The central dilemma is integration versus sovereignty and oversight versus independence: SB 134 seeks to integrate tribal police and certain program operations into California’s regulatory, certification, and accountability systems to improve cross‑jurisdictional law enforcement and standardize corrections practice; but it does so by requiring tribes to accept state‑style transparency, liability, and administrative controls that reduce tribal legal protections and impose costs — a trade‑off between operational access and the autonomy tribes historically guard.

SB 134 stitches together multiple, sometimes competing, policy aims: reducing statutory boards and administrative requirements on one hand, and layering state oversight, reporting, and legal equivalence requirements onto tribal participants on the other. Removing the California Rehabilitation Oversight Board and the Council on Criminal Justice and Behavioral Health shrinks independent and interagency fora for program evaluation; the state retains some data and technical assistance functions with fewer mandated reporting duties, which risks leaving gaps in longitudinal program oversight unless other mechanisms are created in practice.

The Tribal Police Pilot places a heavy compliance and legal burden on tribes that choose to participate: to receive peace‑officer status under state law they must accept public‑records regimes, a Government Claims Act equivalent, a limited waiver of sovereign immunity, insurance, and cooperation with DOJ/POST inspections and disciplinary regimes.
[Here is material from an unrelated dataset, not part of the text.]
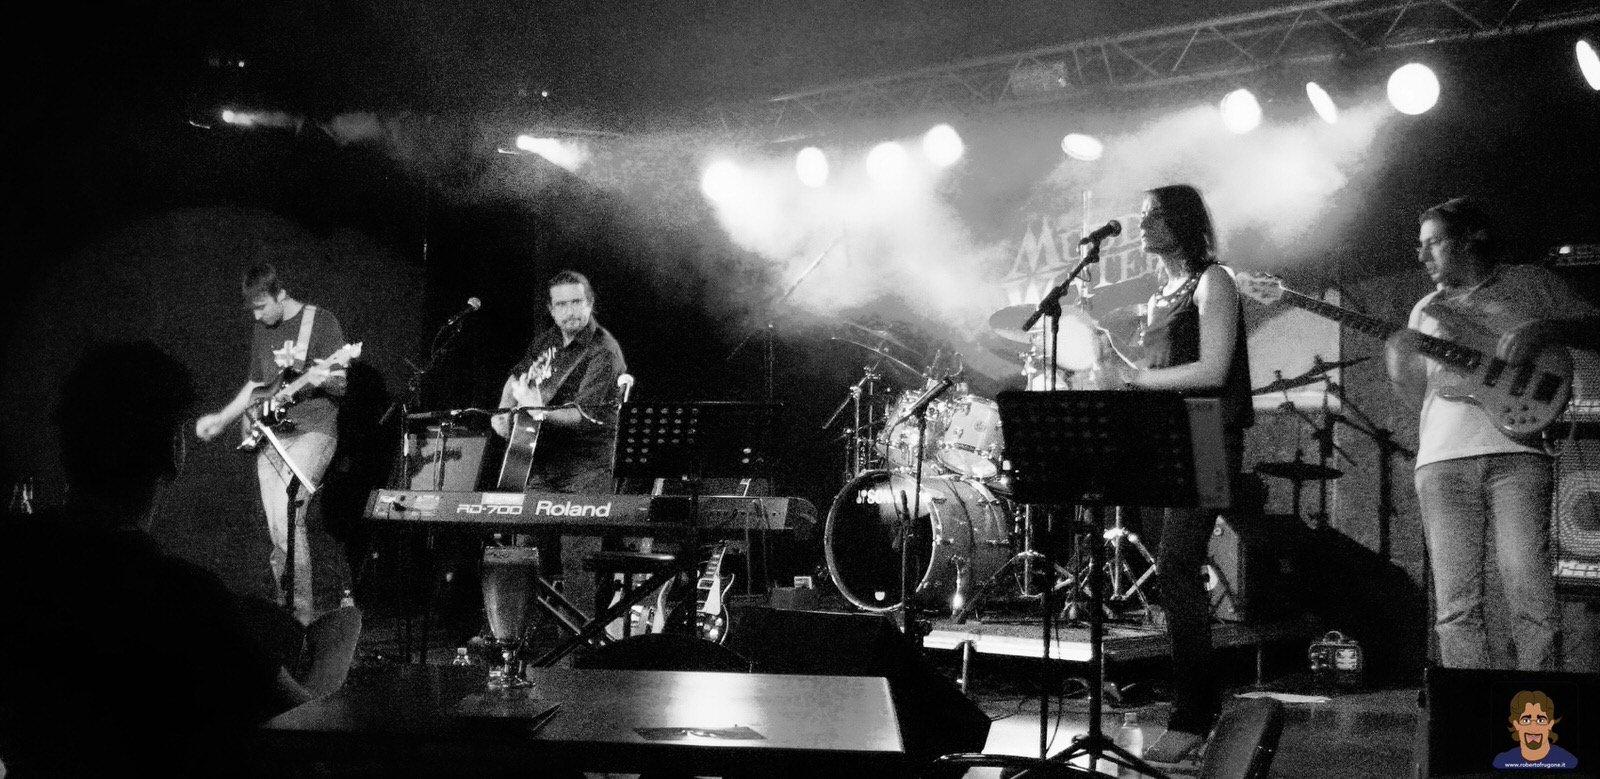 Roberto Frugone Band cantautore live concerto Calvari Muddy Waters 01

That package achieves integration and accountability but does so by trading sovereignty protections and raising potential political and financial barriers to tribal enrollment.

Operationally, the pilot’s success will hinge on IT and data capacity, insurance market availability, and whether tribes can, in practice, reconcile state procedural expectations with their own governance.

Implementation logistics also matter: baseline TB testing and certificate collection within a narrow onboarding window will require medical staffing or contracting and a records workflow to prevent work‑authorization gaps; extending licensure waivers to additional professions requires robust supervision and clear time limits to avoid an indefinite reliance on unsupervised pre‑licensure labor. Finally, repeal of the Recidivism Reduction Fund removes an established county grant architecture that supported reentry services — unless replaced in other budget language, community providers and local reentry planning must find alternative funding sources, a practical risk for continuity of services.